# Yellow belly royals?



## Amanda Wight (Jun 11, 2009)

Can someone please explain to me how to spot a yellow belly royal, every time i see pics of them in the classifieds, they just look like normals? The belly looks white?

Thanks for your help


----------



## Ssthisto (Aug 31, 2006)

First things first, "yellowbelly" doesn't refer to their ventral scales as much as it refers to their *flanks*.

There are two things I've noticed about the two I have.

One, they have really VELVETY black markings.
Two, instead of clear clean markings on their bellies, they have a sort of granite speckling along their sides.


----------



## ignorantshed (Jul 19, 2007)

Ssthisto said:


> Two, instead of clear clean markings on their bellies, they have a sort of granite speckling along their sides.


like this


----------



## tricky (Sep 29, 2007)

and my 2 do have yellow bellys though probably best to say "off white" compared to a normals white belly plus very faint yellow spots throughout belly

then rather than a white belly creeping up the sides , gold flames 

and obviously the speckling

thats my understanding - so far :whistling2:

Yellow Belly ball pythons - CaptiveBred Reptile Forums, Reptile Classified, Forum

NERD - New England Reptile Distributors - Yellowbelly


----------



## LEOPARD GECKO CRAZY (Aug 7, 2008)

*hi*

ive noticed on my male that there belly isnt acctually yellow.
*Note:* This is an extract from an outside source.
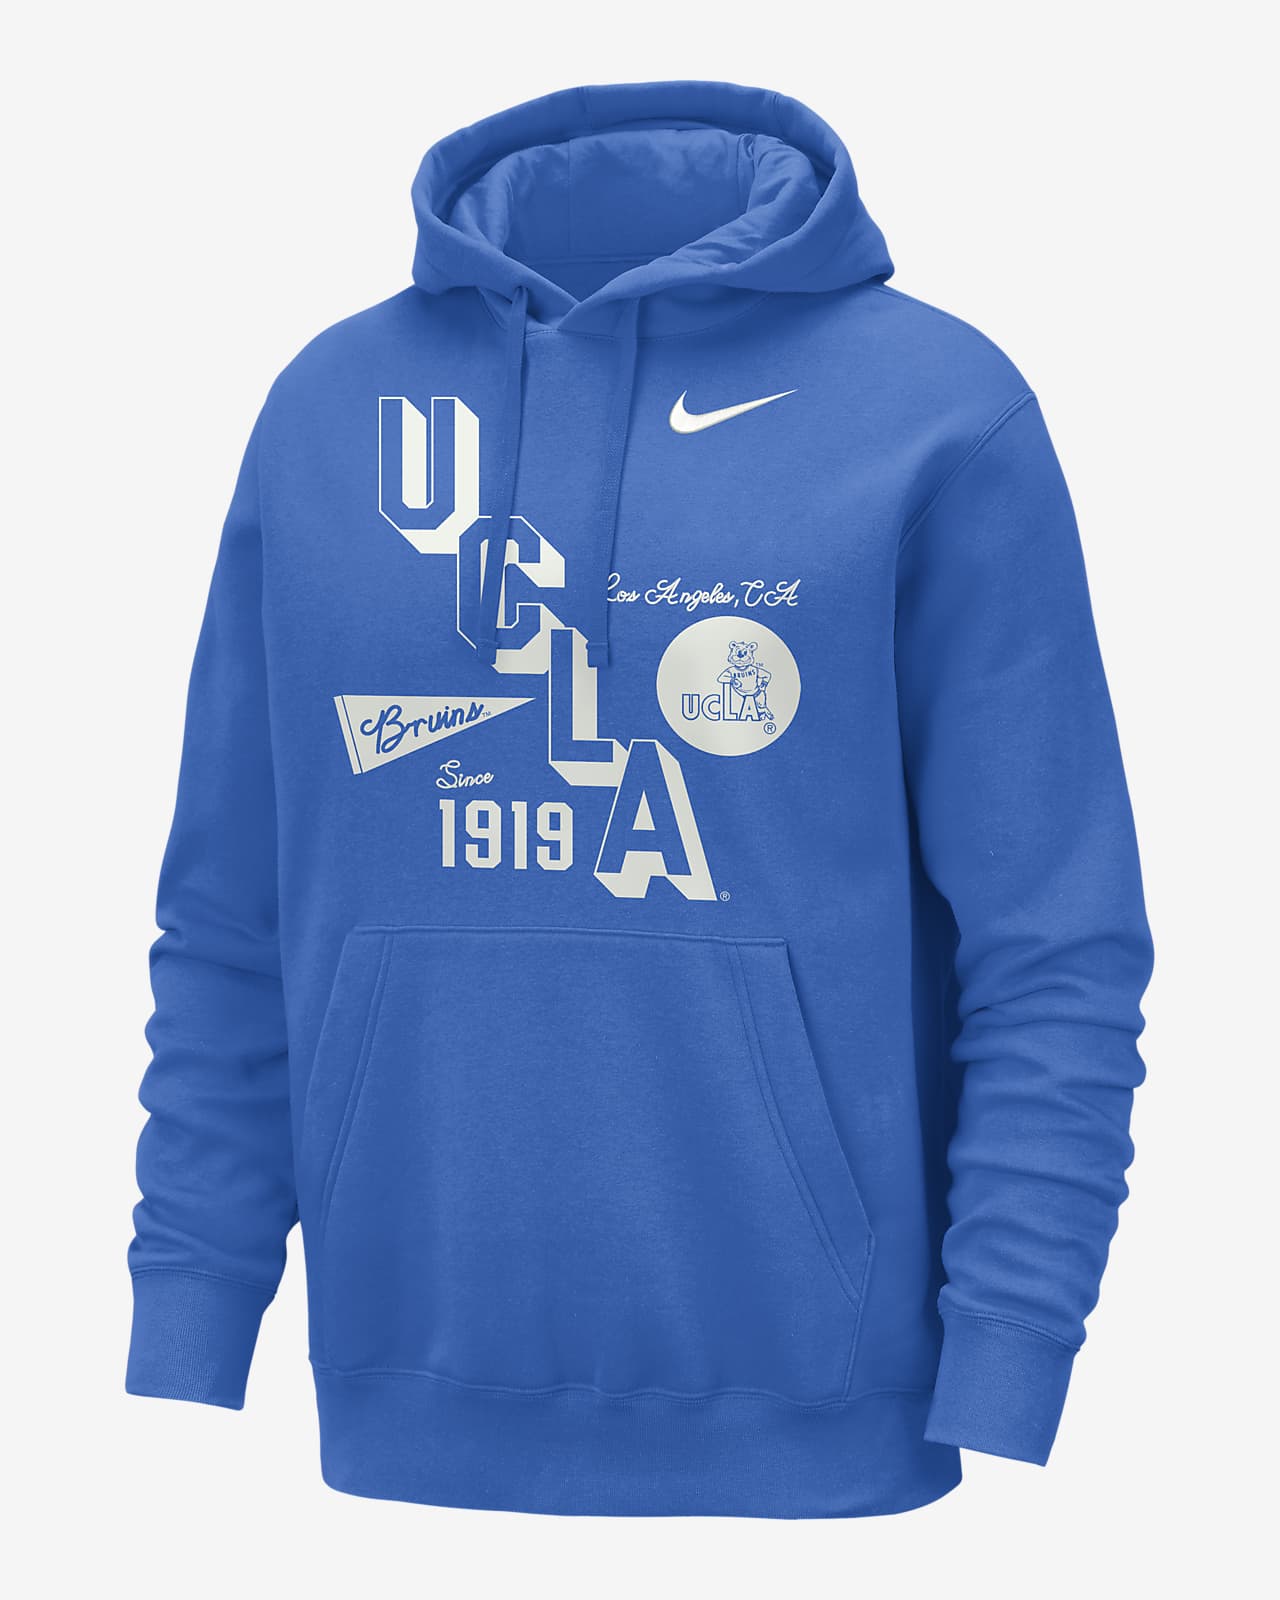 UCLA Club Men's Nike College Hoodie

mine has yellow on the side of him and what sshisio said on the belly.


there like a moph making machine lol:2thumb:


----------



## alan1 (Nov 11, 2008)

colouration and contrast varies alot on Yb's, so does the belly (from white, right thru to creamish yellow)... i look for the "speckling" along the sides of the belly scales, + "flames" on the lower flanks...
to me, they're the only "constants" in this morph


----------



## Amanda Wight (Jun 11, 2009)

Thanks everyone especially for the photo, i will look for these markers from now on


----------



## midori (Aug 27, 2006)

One you get to know what you are looking for, a yellow belly is VERY different to a normal. 

The scales at the sides of the belly as well as the central scales are clear, and as has been said, with speckling to some degree at the sides, plus the yellow colouration either side of that. 

Also, as Ssthisto has said, they look like velvet. Gorgeous! 

Here are my male and female:


----------



## Amanda Wight (Jun 11, 2009)

Am i right that thinking if you breed yellow belly to yellow belly you get ivory?


----------



## Ssthisto (Aug 31, 2006)

You have a 25% chance per egg of producing Ivories, yes.
You have an equal chance per egg of producing normals.


----------



## hogboy (Aug 22, 2006)

Heres a pic of one of mine


----------